In summary, on the basis of available information the main female prisoner characteristics during the last fifteen years can be outlined as following:

She is of Greek nationality (ELSTAT, 1985, 1990, 1995, Table G1; 2006-10, G01 online) as in the 1990s, although at lower rates; 26-47 years old, while in the 1990s she was 35-60 y.o.; graduate of the 9-years compulsory education, unskilled worker, unemployed or without occupation, while in the 1990s she had low(er) education and was unemployed; convicted for offences against the public welfare/ ‘common dangerous crimes’, public order offences and violations of antidrug legislation; in the 1990s for violent crimes/ against life, followed by property crimes and violations of antidrug legislation; serving sentences from 1-5 years, while in the 1990s they were serving a sentence of over 5 years to life; without serious criminal record, as in the 1990s; marital status unknown, in the 1990s she was single; mother with further information unavailable, in the 1990s mother of at least two children.

3.3.Time in prison: treatment and human rights in action

3.3.1.General treatment policy

For decades the general prison policy and the treatment of prisoners by the custodian personnel is leniency. For example, frequent contact with the outside world (visits, correspondence, telephone, information from the Press, TV privileges),

free movement inside the prison, and since the late 1980s the early grant of furloughs, the possibilities for graduate studies, the “school(s) of second chance” (see below, 4.3.2), as well as the overall efforts of the whole prison staff to overcome shortages and face adequately the rapidly changing situation with good will and understanding are some of their “best” practices. This is a primary reason why even citizens of European countries prefer to serve their sentences in Greek prisons than in their own countries despite overcrowding, and the shortcomings of the facilities. However, tolerance and leniency cannot always and for everyone be a substitute for the existing failings of the system, because it can result in exorbitant demands or expectations of the prisoners and lead to “corruption of authority” of the prison staff.

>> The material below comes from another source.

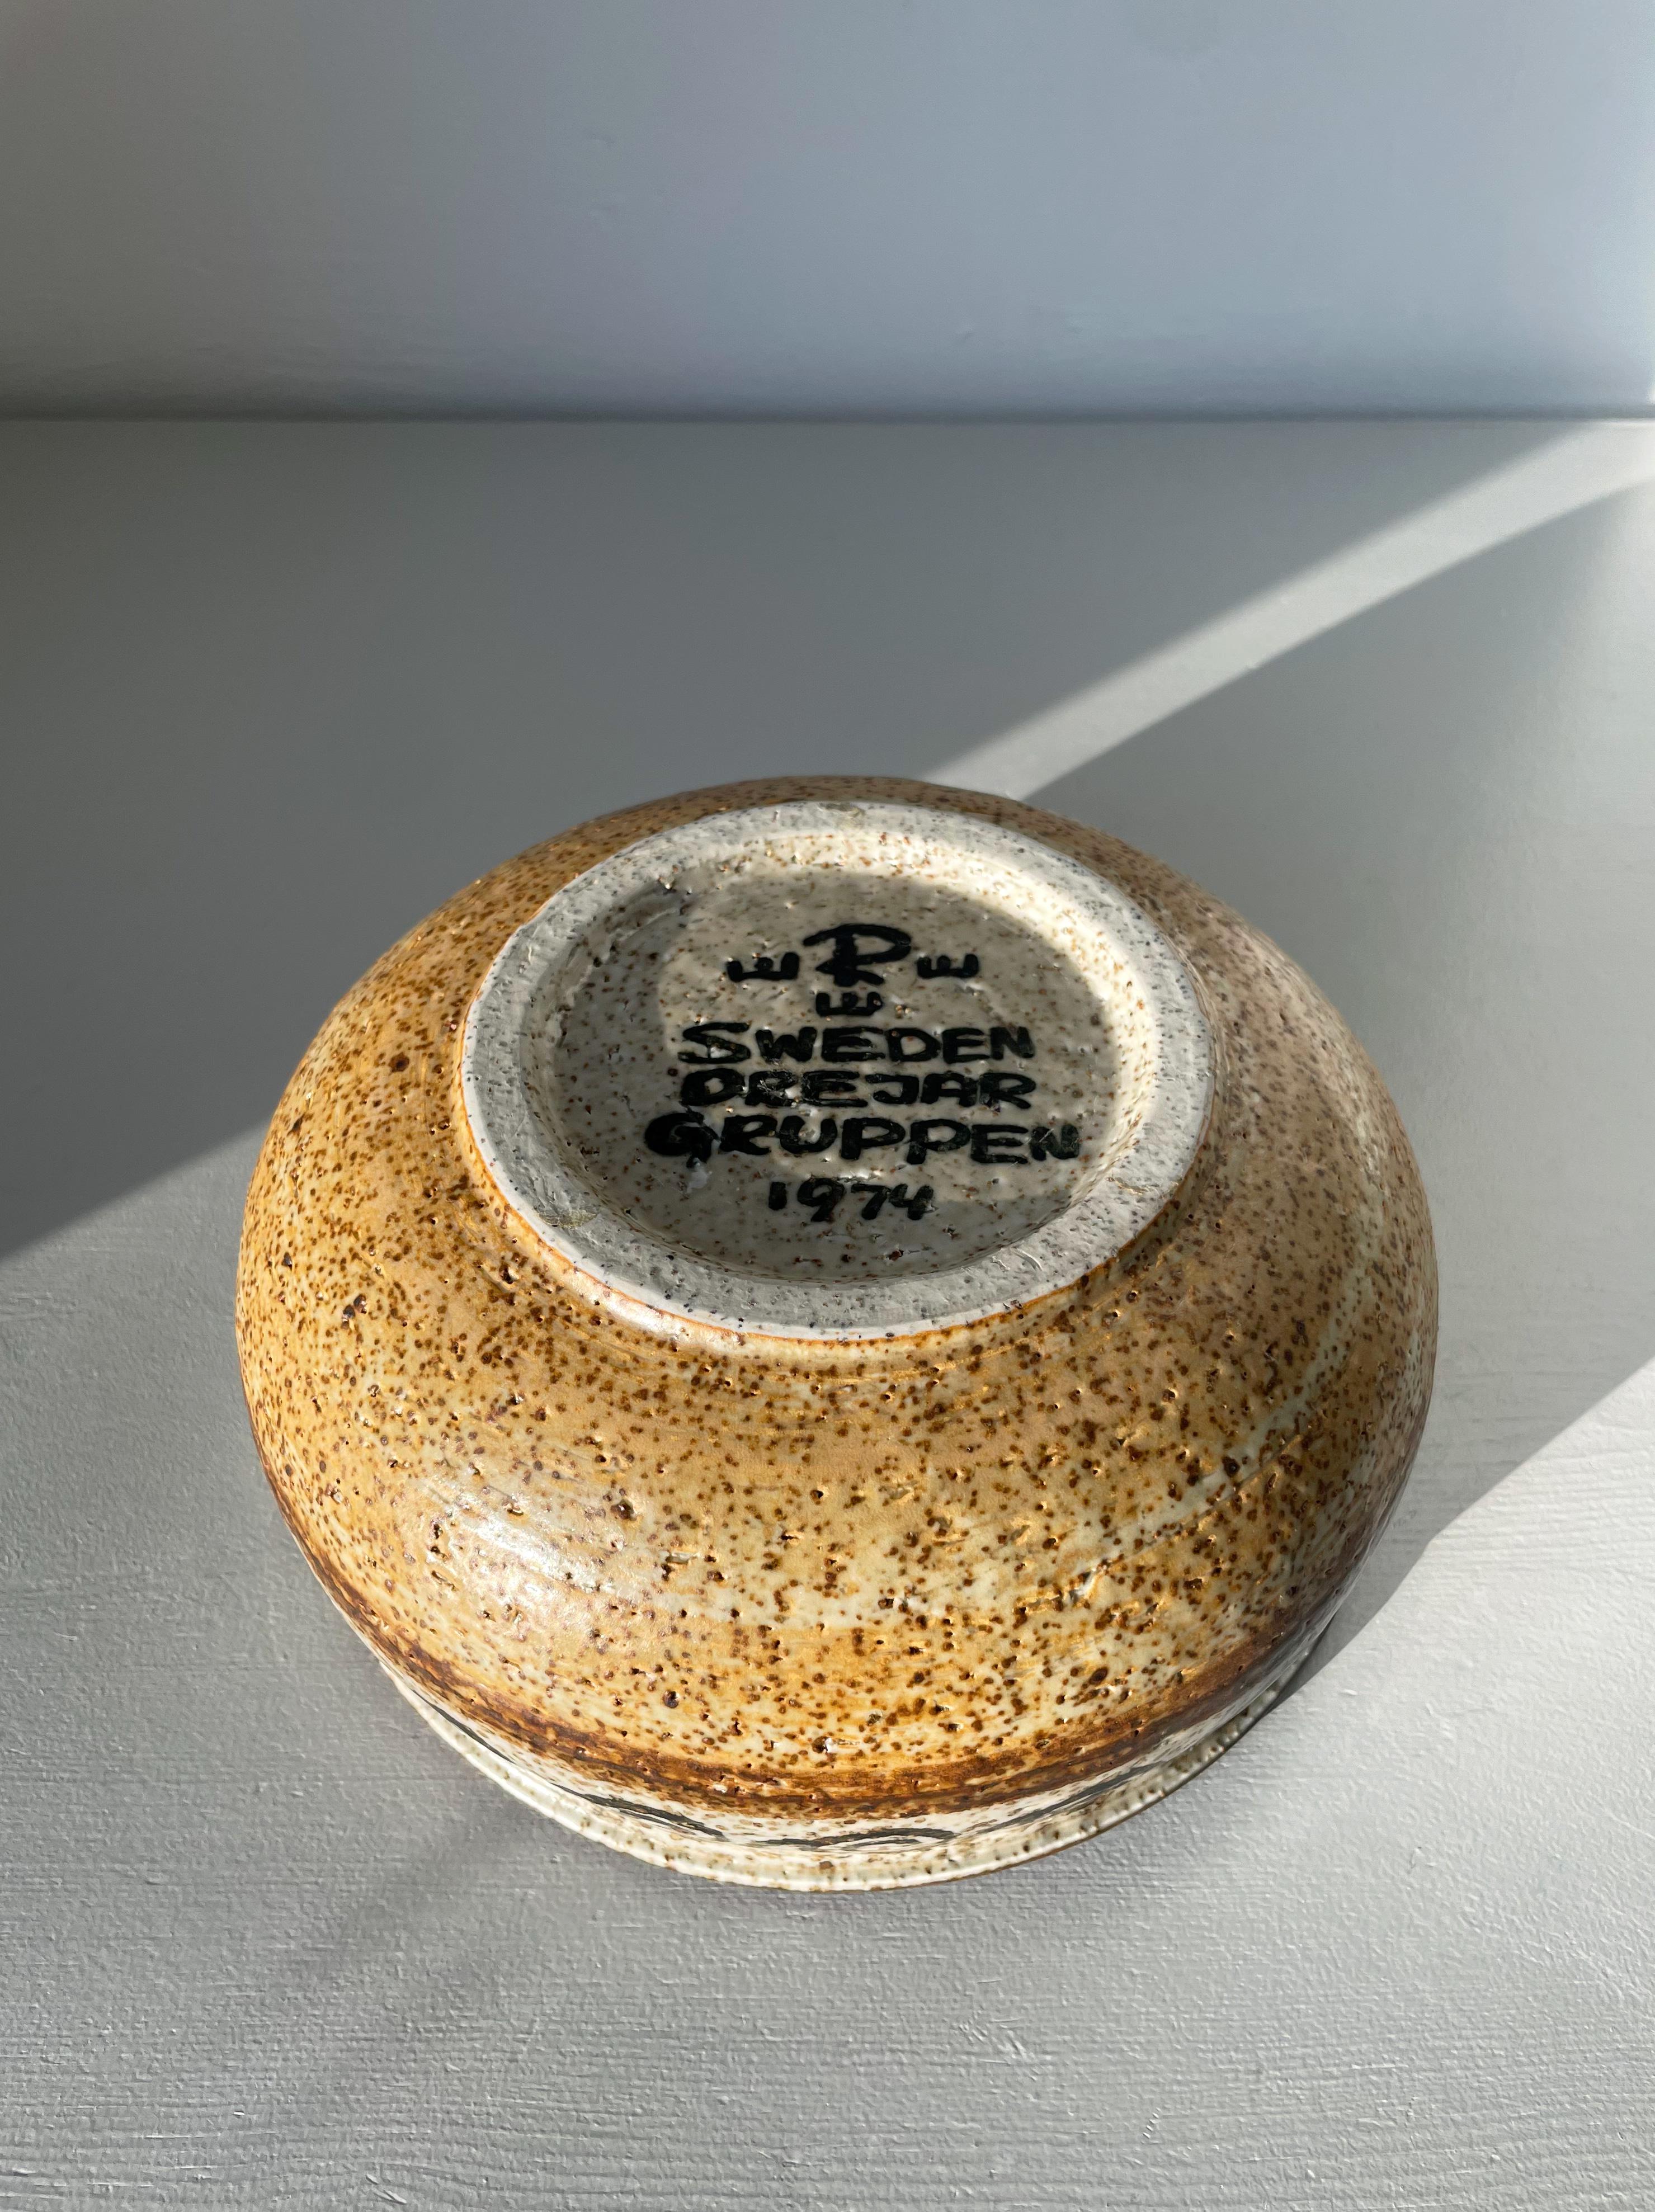 Rörstrand Drejargruppen Dekorative Schale aus Keramik, 1974 (20. Jahrhundert) im Angebot
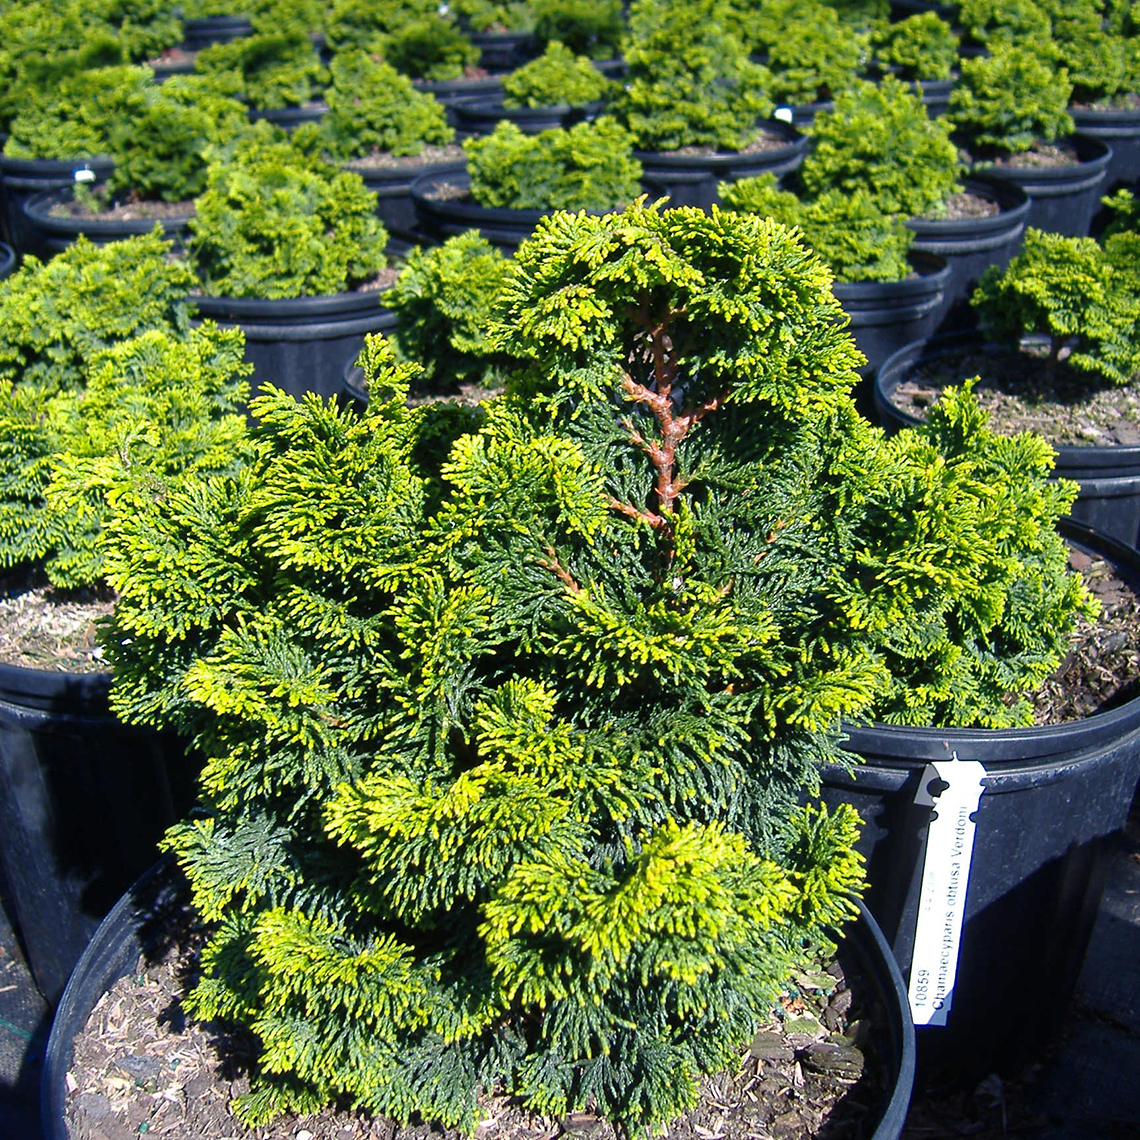 Group of Chamaecyparis Verdoni plants in black pots in greenhouse

Humane treatment of all prisoners cannot be regarded stricto sensu as an operational

best practice, but it is still the core of treatment corresponding to clemency characterising the justice system and the country’s population. The international obligation that all persons under any form of detention shall be treated in a humane manner (ICCPR, Art. 10, Part III), and with respect for the inherent dignity of the human person is expressly codified in Prison Law 2776/1999 (Arts. 2, 3, 4) and in the Constitution (Art. 7[2]).

All prisoners, pre-trial detainees and those convicted must have access to sanitary installations and have a bath or shower on a daily basis. Moreover, everyone, irrespective of their legal status, can wear their own clothes (GCC, Art. 33[1, 4]). For those in need, prisons have storage areas with clothing donated from citizens and charities. In addition, the staff help to gather clothing for the inmates through donations as well.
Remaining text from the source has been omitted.